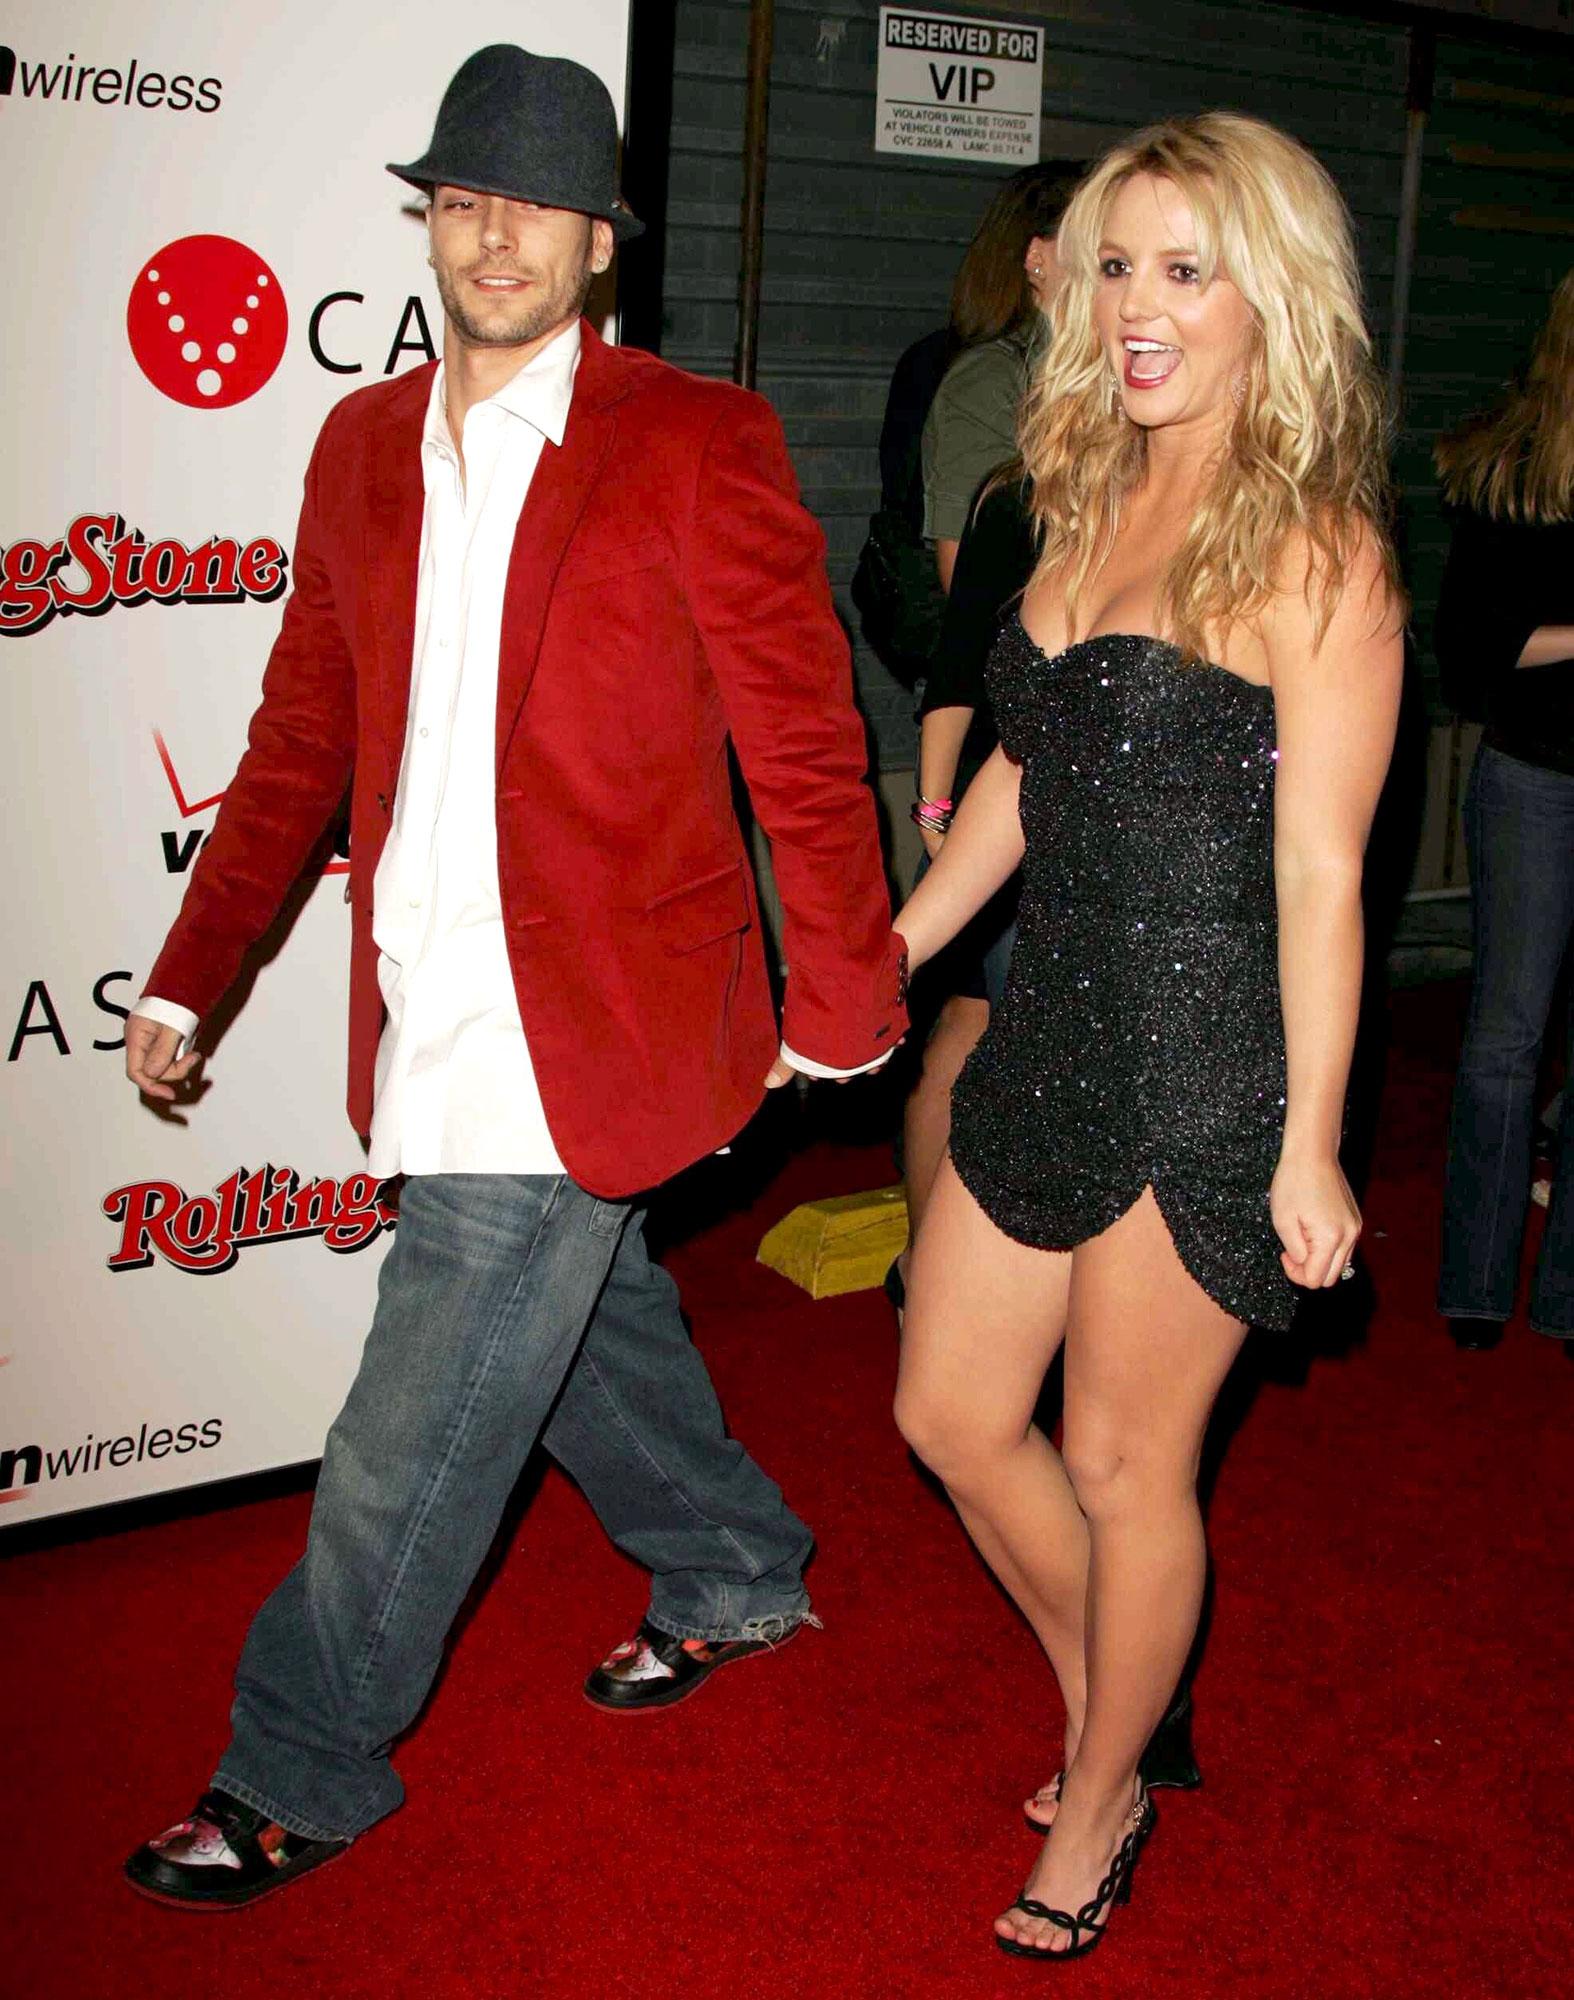 Britney Spears and Kevin Federline Surprise Wedding
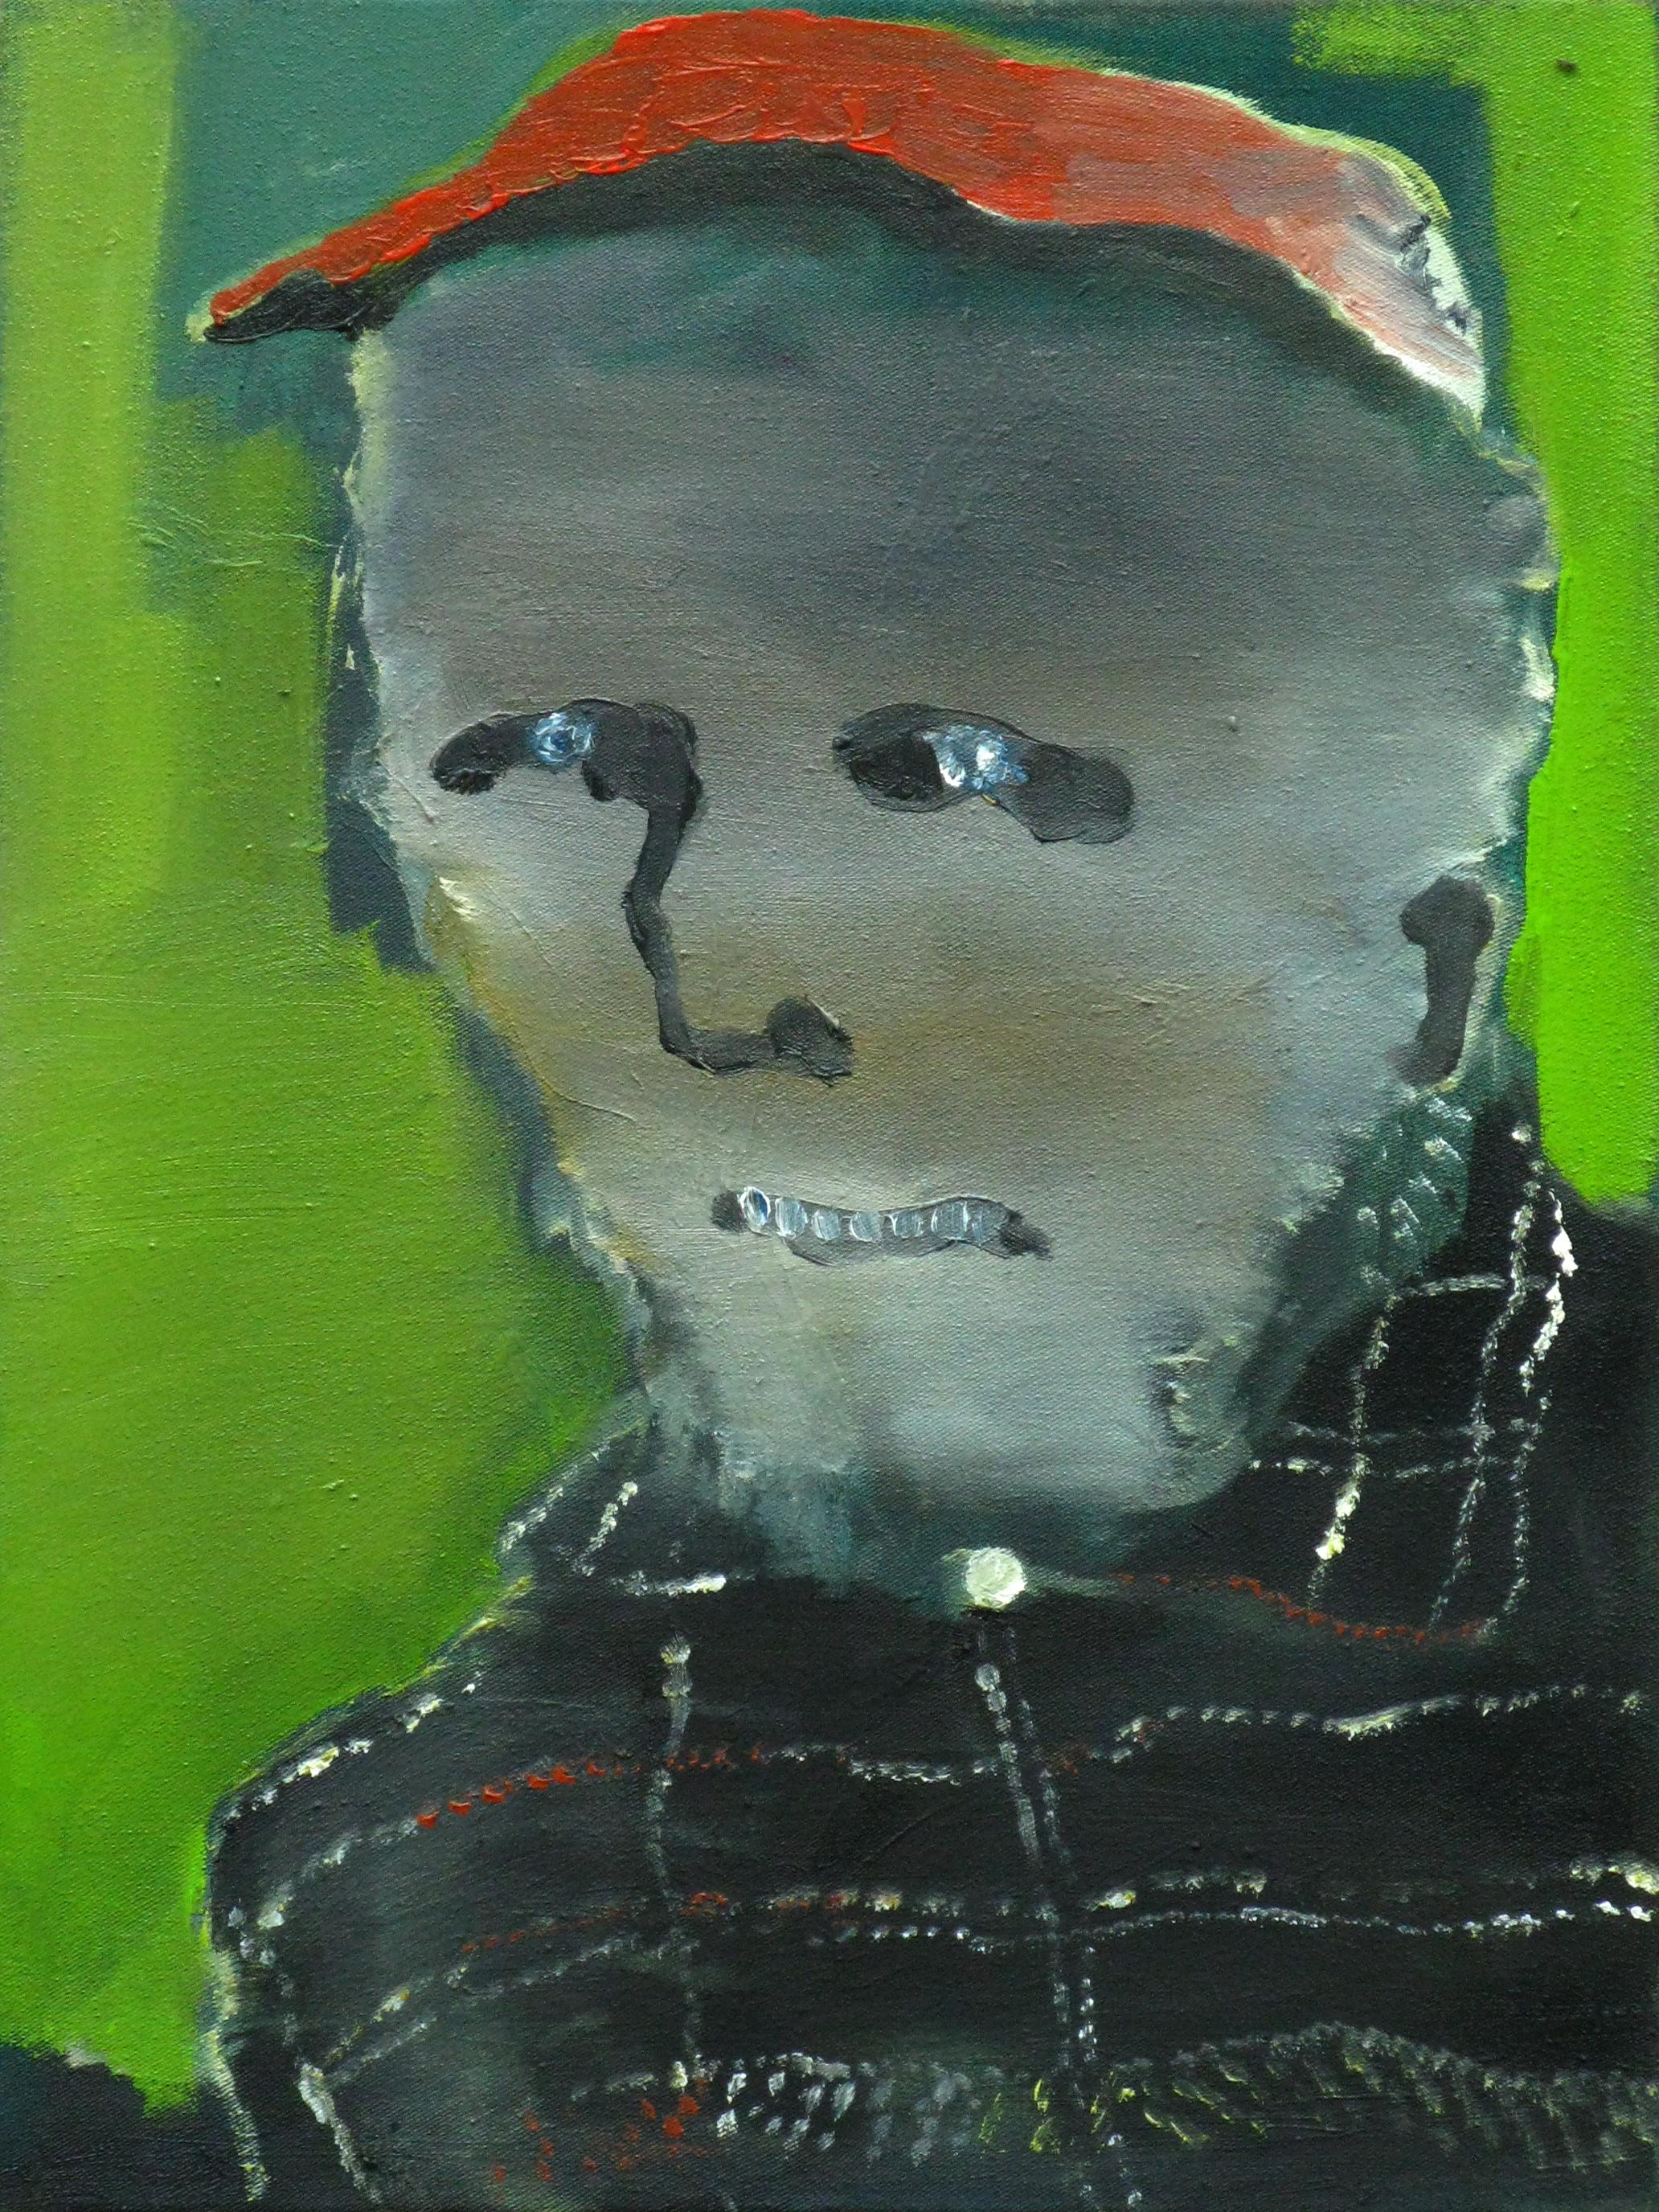 Grinser, 2008, oil on canvas, 44x33cm.jpg
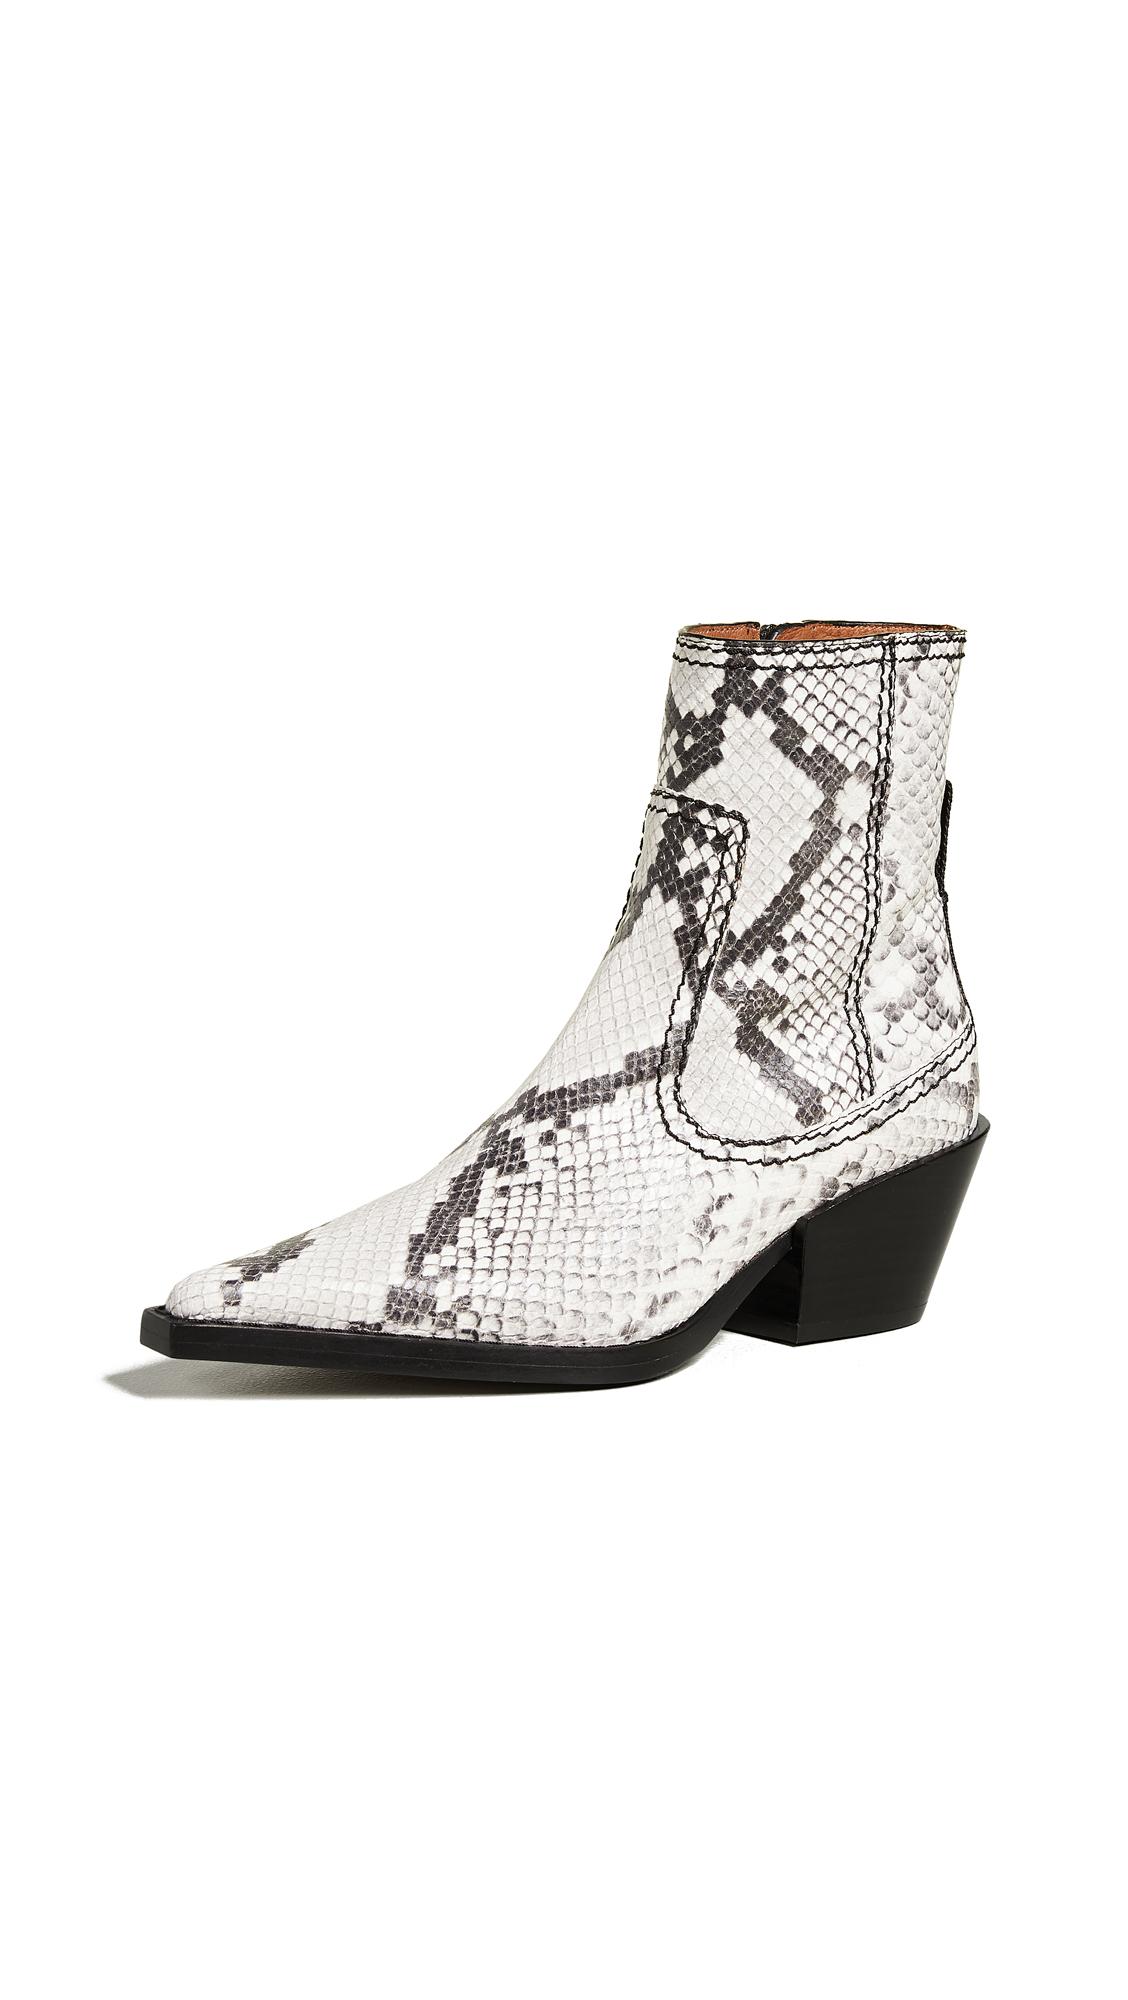 Joseph Rodeo Ankle Boots - Roccia

== Prompt ==
Type the material out again exactly. Skip the pictures.

== Exercise result ==
 Britney Spears and Kevin Federline Surprise Wedding
 Grinser, 2008, oil on canvas, 44x33cm.jpg
 Joseph Rodeo Ankle Boots - Roccia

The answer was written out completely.